以前乗車していた10tトラックで、大手飲料メーカーを扱う倉庫での話です。注意して作業していますが、失敗するのが人間です。ミスを恐れず作業しないといけませんが、ちょっとしたタイミングで起きちゃうんですよね・・・
今回の話は、トラックの運転ではなくて、積み込み作業時のフォークリフトによる事故なんです。事故と聞くと賠償金とか、気になるところですよね。
何をどうやったのか気になったあなたは、話の続きをどうぞ!!そうでない人も、ドライバーのやっちまったなぁ~の瞬間を、共感していただけたら幸いです。

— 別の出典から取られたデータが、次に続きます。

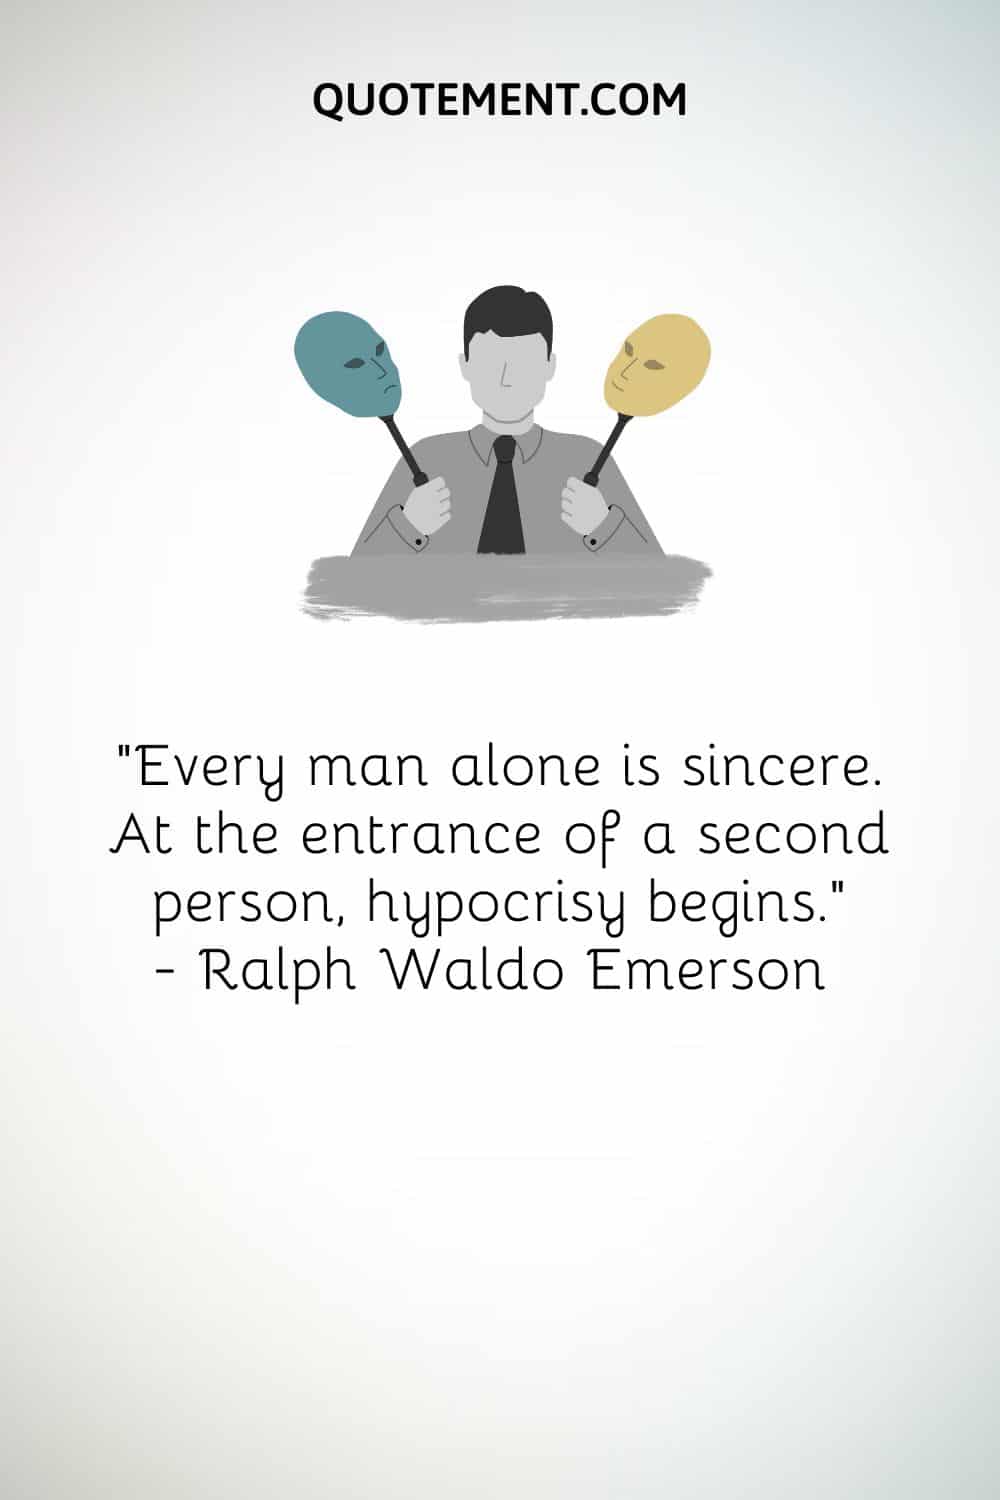 “Every man alone is sincere. At the entrance of a second person, hypocrisy begins.” — Ralph Waldo Emerson

後ろの方で・・・お前が悪い・お前が悪い・お前が悪い・お前が悪いって、ささやかないでくださいね!(^人^)お願いします。w
商品破損の原因は?
どんな時に起きたのか?それは、早朝(3:00)から自主荷役(自分で荷物を積み込む事)して配達をする仕事の時に発生しました。配送先荷物の検品を済ませ、積み込み作業にかかります。積み込み方法は、フォークリフトによるパレット積み作業になります。
商品がパレットに載せてあり、そのパレットを積み込む時に注意点があります。10tトラックの荷台に積み込めるパレット枚数が決まっていて、平らに積めるパレット枚数(1.1m×1.1m)は16枚です。
トラック積み込み略図について
トラック荷台の真ん中に、パレット2段重ねの図がありますが、実際の積み込みは「運転席・助手席」の後ろ側から、車両後方の順に行います。
パレット1枚の重さは約25㎏あり、商品込みになると人力ではとても動かせません。そこでフォークリフトの出番と言うわけです。パレットにはフォークリフトで運べるように、フォークリフトのツメを差し込む口があるんですね。
しかし、当日配達するパレット枚数が16枚以下とは限りません。この日の配達先パレット枚数は22枚ありました。規定枚数より多いですね。積めないじゃん・・・どうするの?って思いますよね。
配送の仕事に携わった事がない人に、ちょっと説明しますね。それはですね・・・単純に平らに積むとパレット枚数は16枚なので、余った6枚分は商品を積み重ね出来るように平らにして重ねるんです。(トラック積み込み略図の絵のように重ねます。)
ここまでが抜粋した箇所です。